Предложение Бармакова было принято с одобрением, среди ракет постоянно взлетавших то там, то тут, эти не вызвали бы подозрений. Как только часы Бармакова показали полночь, все трое выпили вина, после чего запустили ракеты. Опасения были напрасны: со всех постов вверх взвились ракеты, поднялась стрельба из всех видов оружия, трассеры огненными стрелами перерезали небо. На всех постах стали орать. Кулов с Бармаковым поддержали эту какофонию криками и стрельбой. Только я не стал стрелять, не хотелось еще раз чистить автомат.

— Блядь! Че это такое?

Донеслись проклятия, подкрепленные трехэтажным матом: кто-то споткнулся о проволоку перетянутую через дорогу. Я увидел офицера, вдрызг пьяного, с трудом поднявшегося после падения.

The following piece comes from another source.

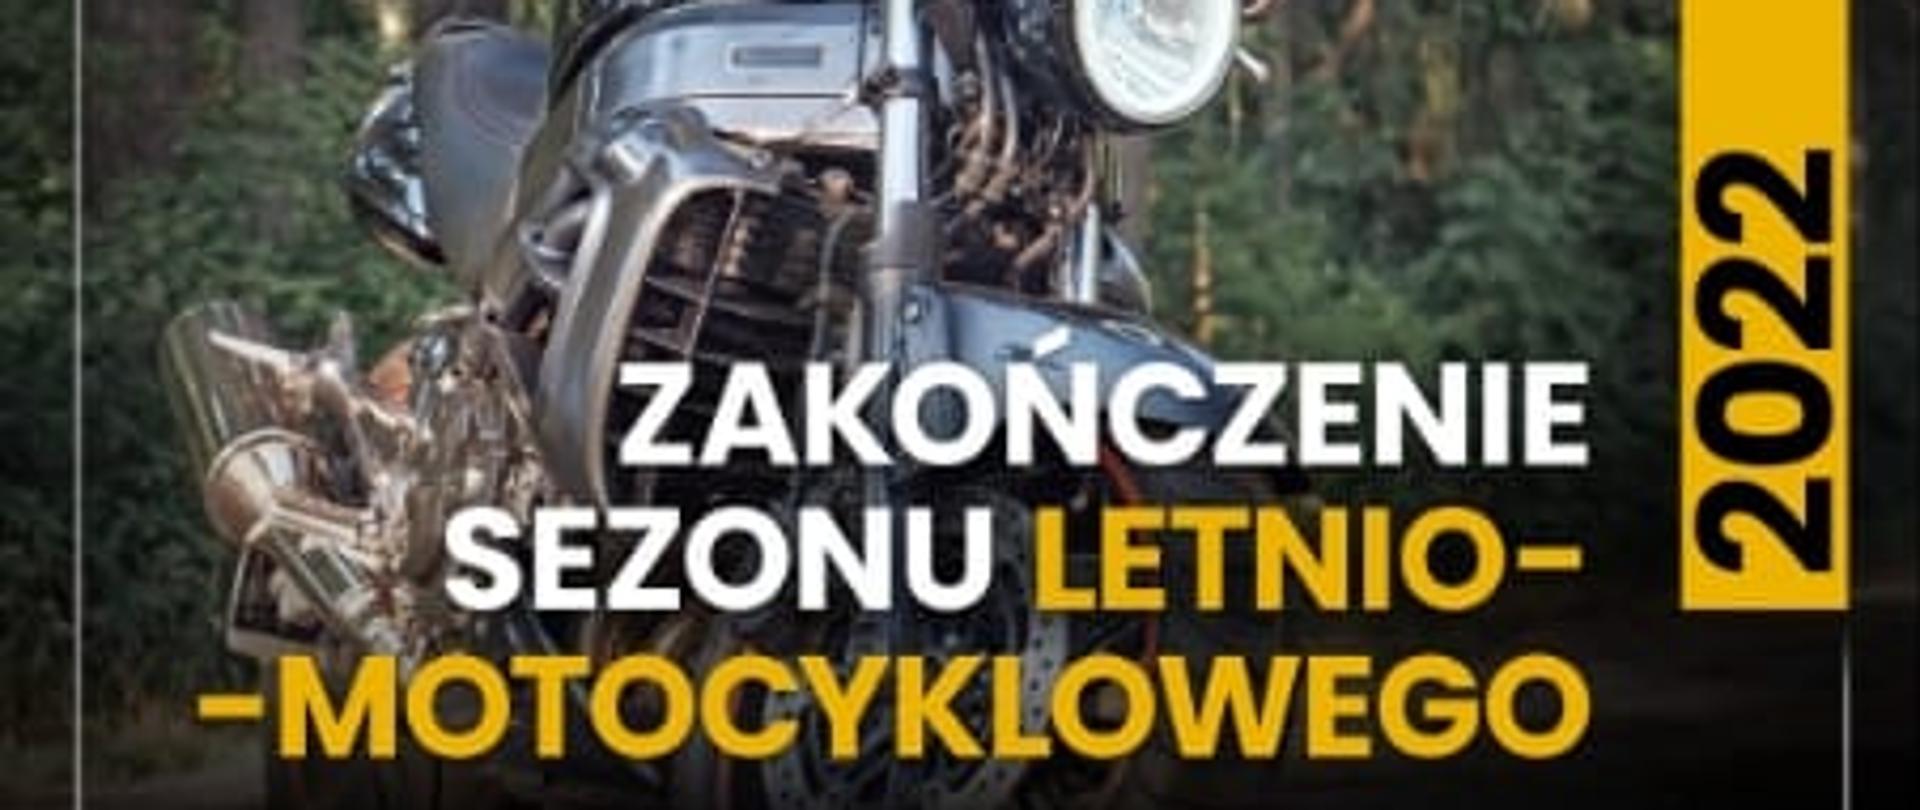 Zakończenie sezonu letnio-motocyklowego PCT Riders 22.10.2022 godz.19:00 MGOK Krzyż Wielkopolski 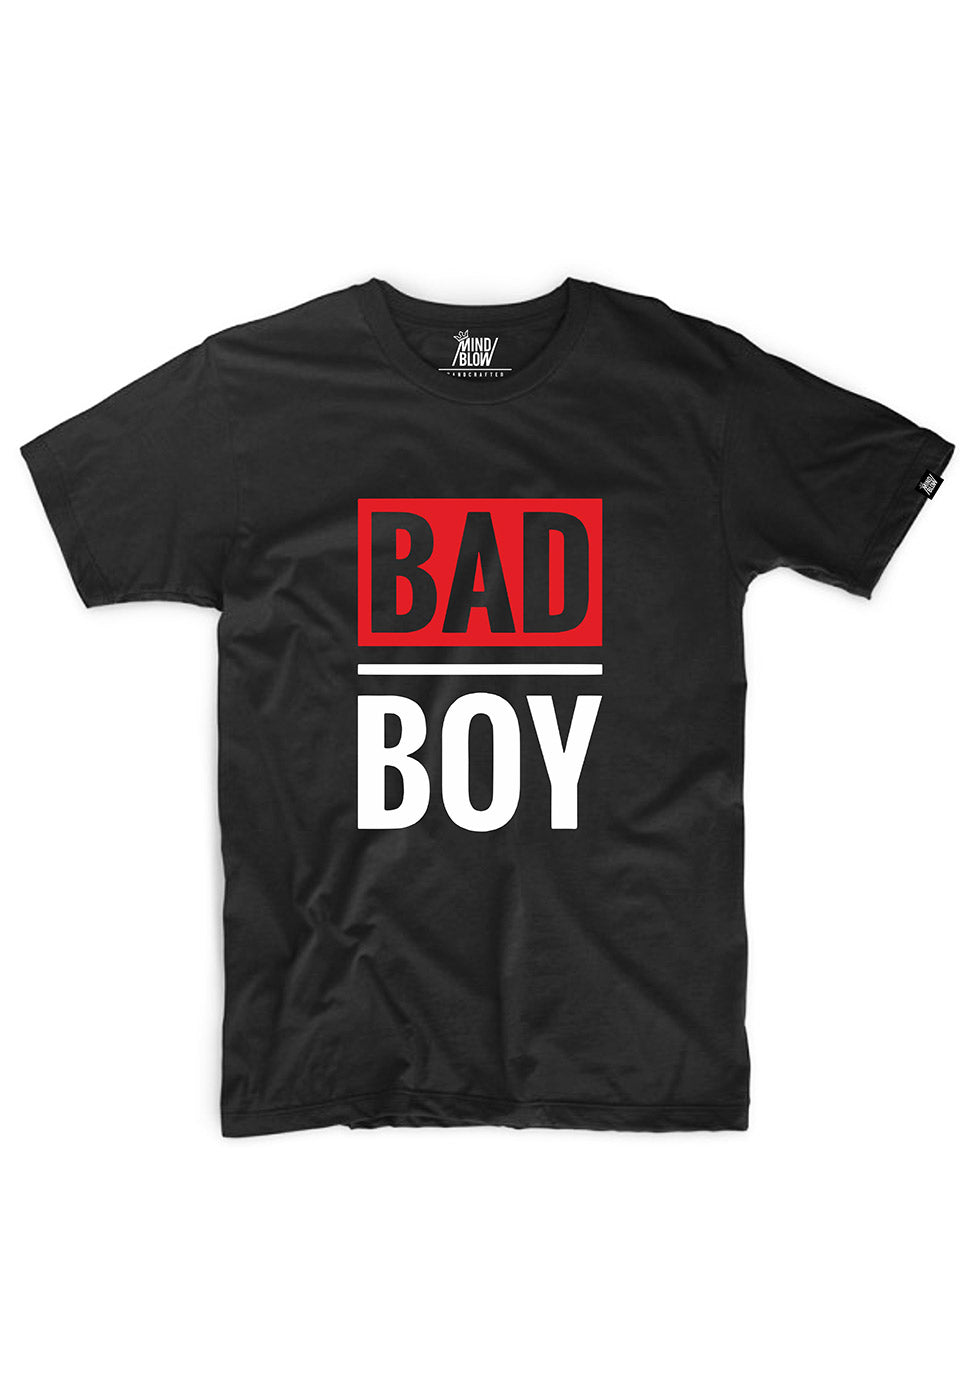 BAD-BOY-2

Это был начальник тыловых служб, я не знал на какой он должности, но ему подчинялись все тыловики, которых я видел. В отличие от других офицеров он не скрывал знаков различия, на его погонах красовались майорские звезды. Он всегда пренебрежительно относился к своей безопасности и своих людей, но ему все время везло, а ведь он участвовал в этой авантюре с самого начала при этом умудрялся сохранять ухоженный вид и чистоту.

По всей видимости бравый майор шел к капитану Колоскову, с собой у него было две бутылки водки. Ни автомата, ни бронежилета у него не было. Я преградил ему путь:

— Стой пароль!

— Какой пароль военный, зенки протри, не видишь, кто идет! — пробурчал майор и, не обращая больше никакого внимания на меня, пошел дальше.

Бармаков сообразил, что лучше майора отвести самим, поэтому пошел его провожать. А я вернулся в дом. Как только Бармаков вернулся, заступила на пост вторая смена.

Глава 10

А я им пел рок-н-ролльные песни,

Говорил: "все будет нормально",

И я кричал, им, что мы все вместе, Да как-то слышалось

это как-то банально.

Ю. Шевчук

Как мы попали в плен я так и не понял. В комнате полуразрушенного дома нас было около десяти человек. Черные прокопченные лица, грязные бушлаты, испуганные глаза.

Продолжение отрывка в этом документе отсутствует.